(Input data)

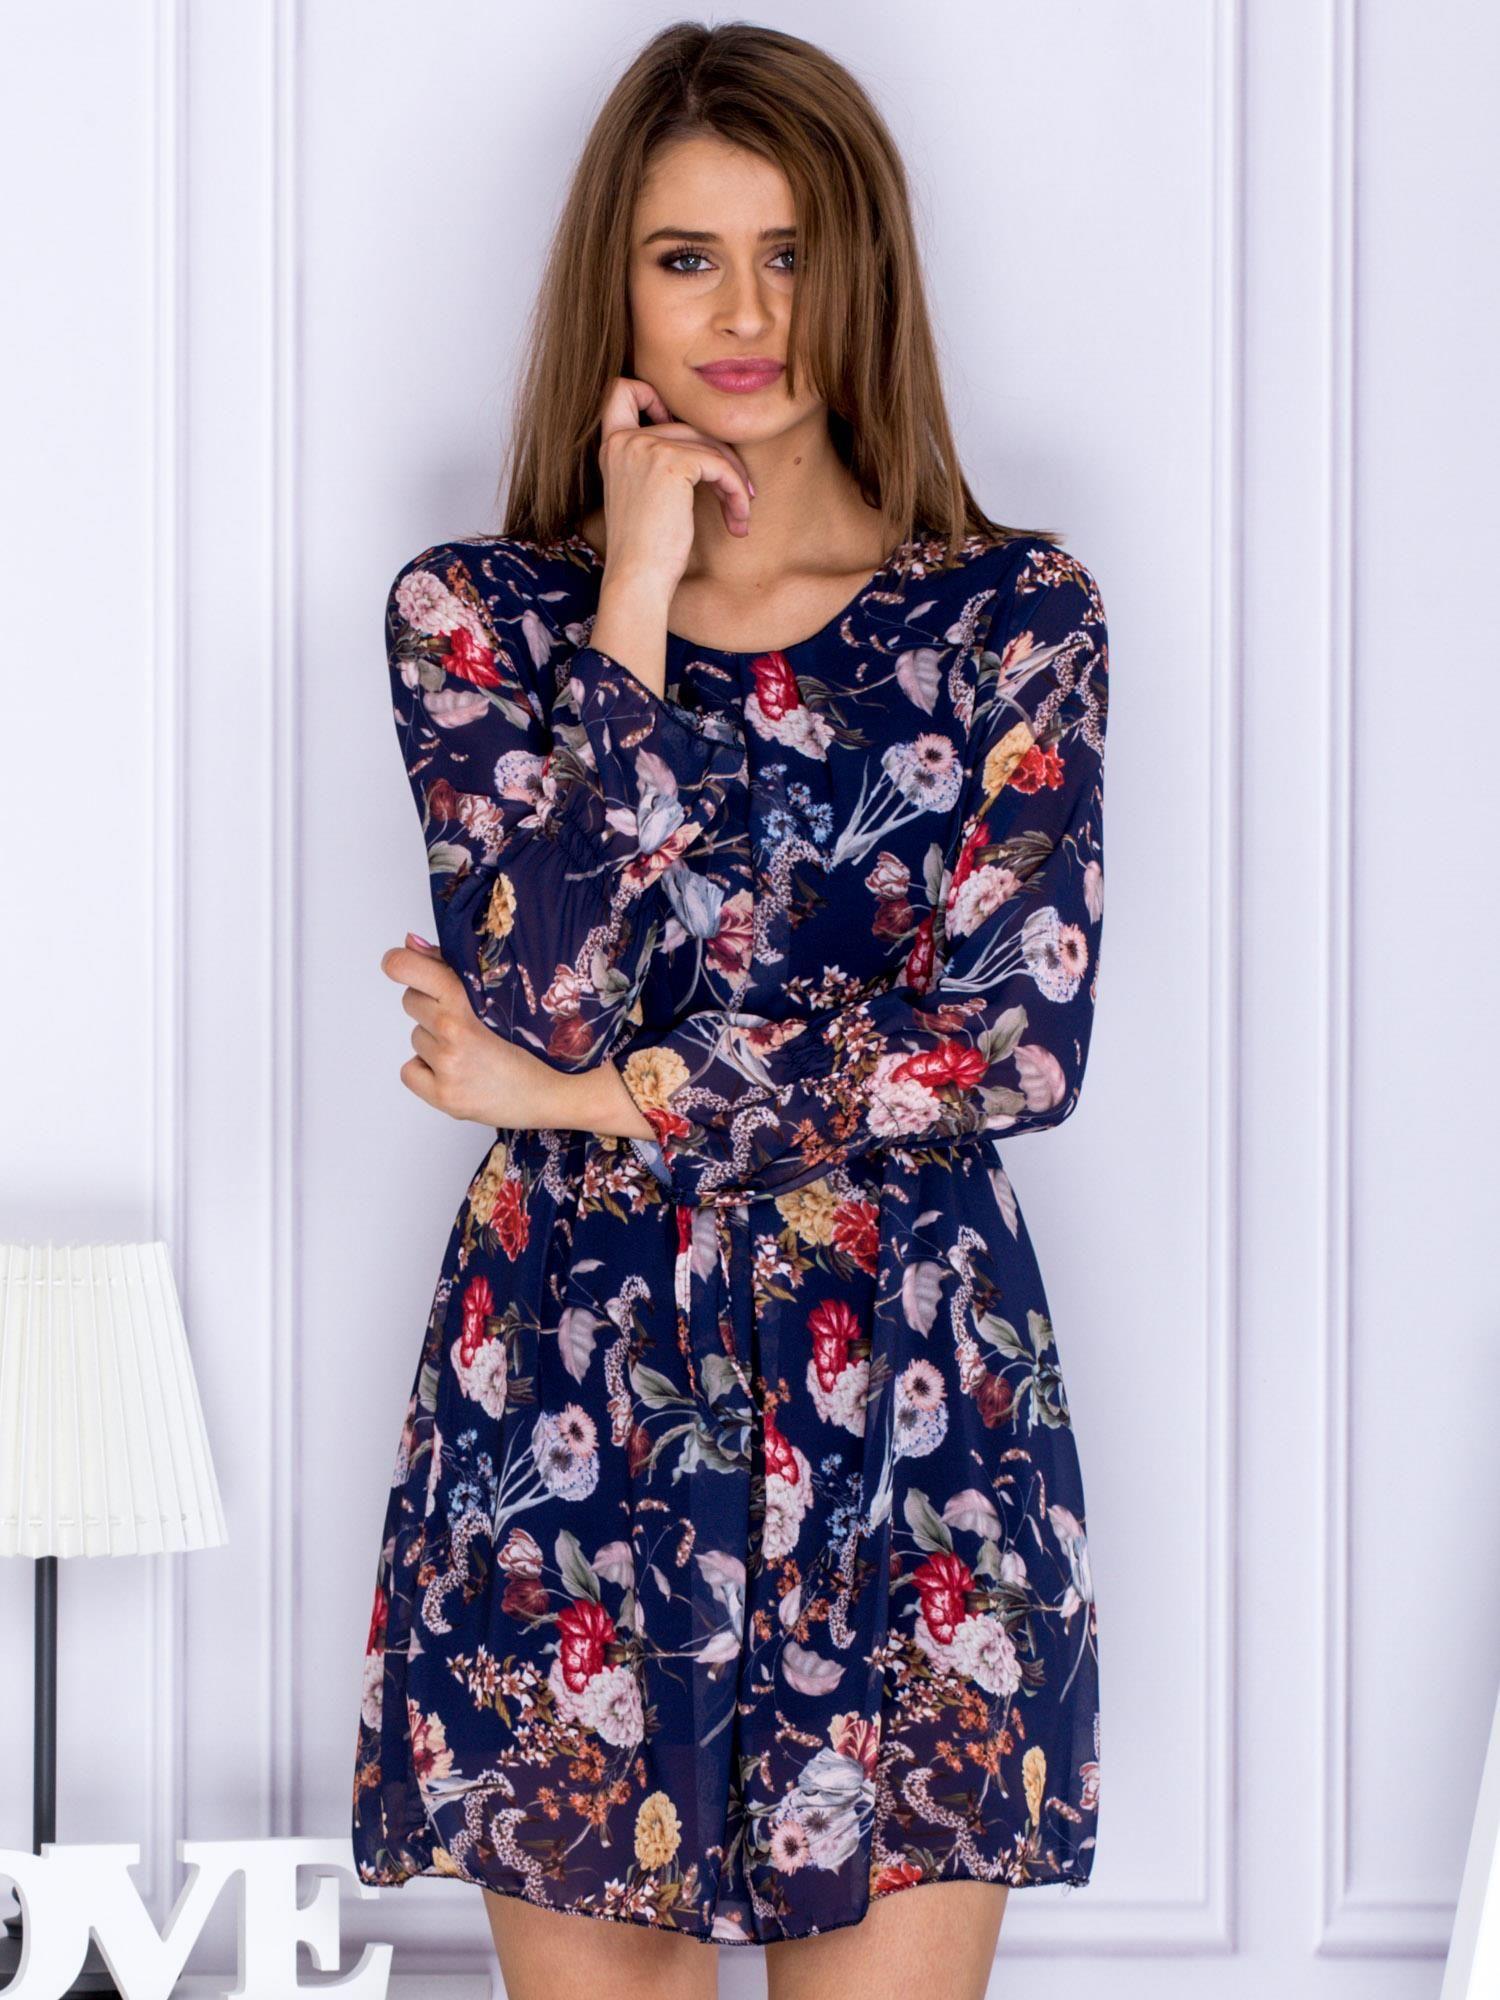 cc393a7c8b84ea Granatowa sukienka w kwiaty z paskiem - Sukienka na co dzień - sklep ...
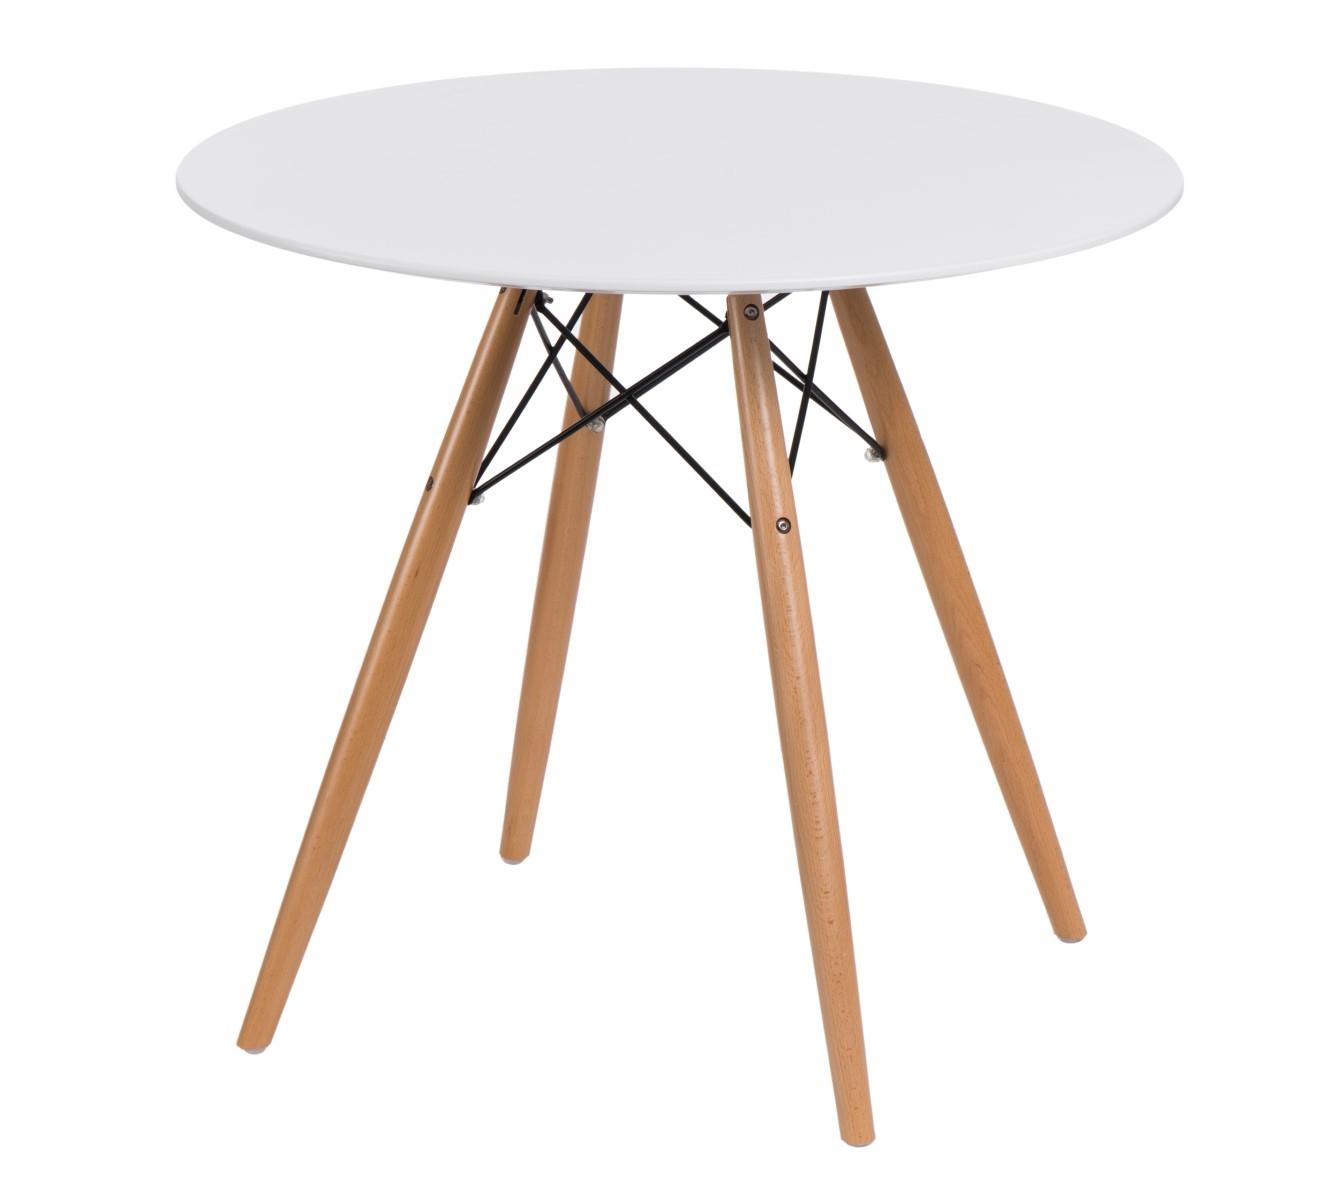 Stolík DTW nízky 60cm biely Prevedenie: Stôl DTW - 80 cm
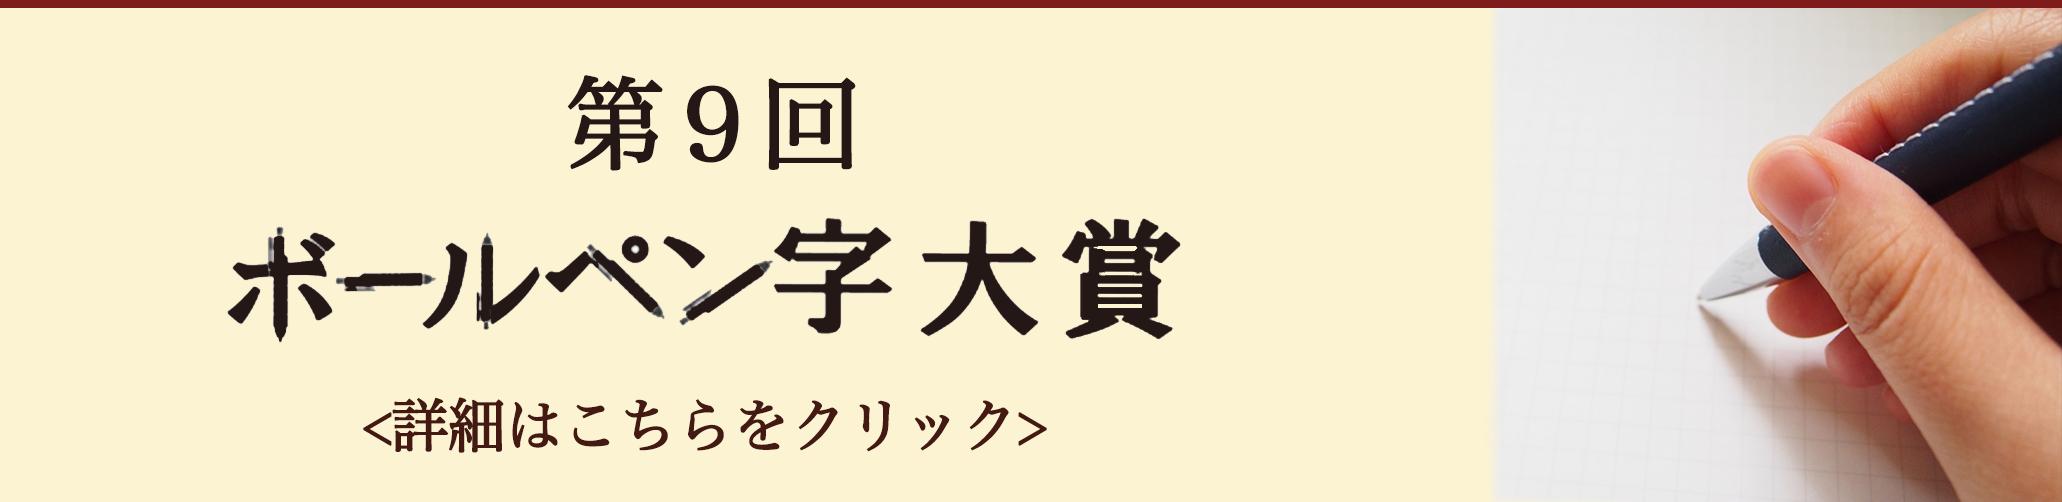 第9回ボールペン字大賞

(End Input data)

◆ **Exercise prompt**: The reply must hold every line above exactly as written and none of the pictures.

◆ **Result of this exercise**:
 cc393a7c8b84ea Granatowa sukienka w kwiaty z paskiem - Sukienka na co dzień - sklep ...
 Stolík DTW nízky 60cm biely Prevedenie: Stôl DTW - 80 cm
 第9回ボールペン字大賞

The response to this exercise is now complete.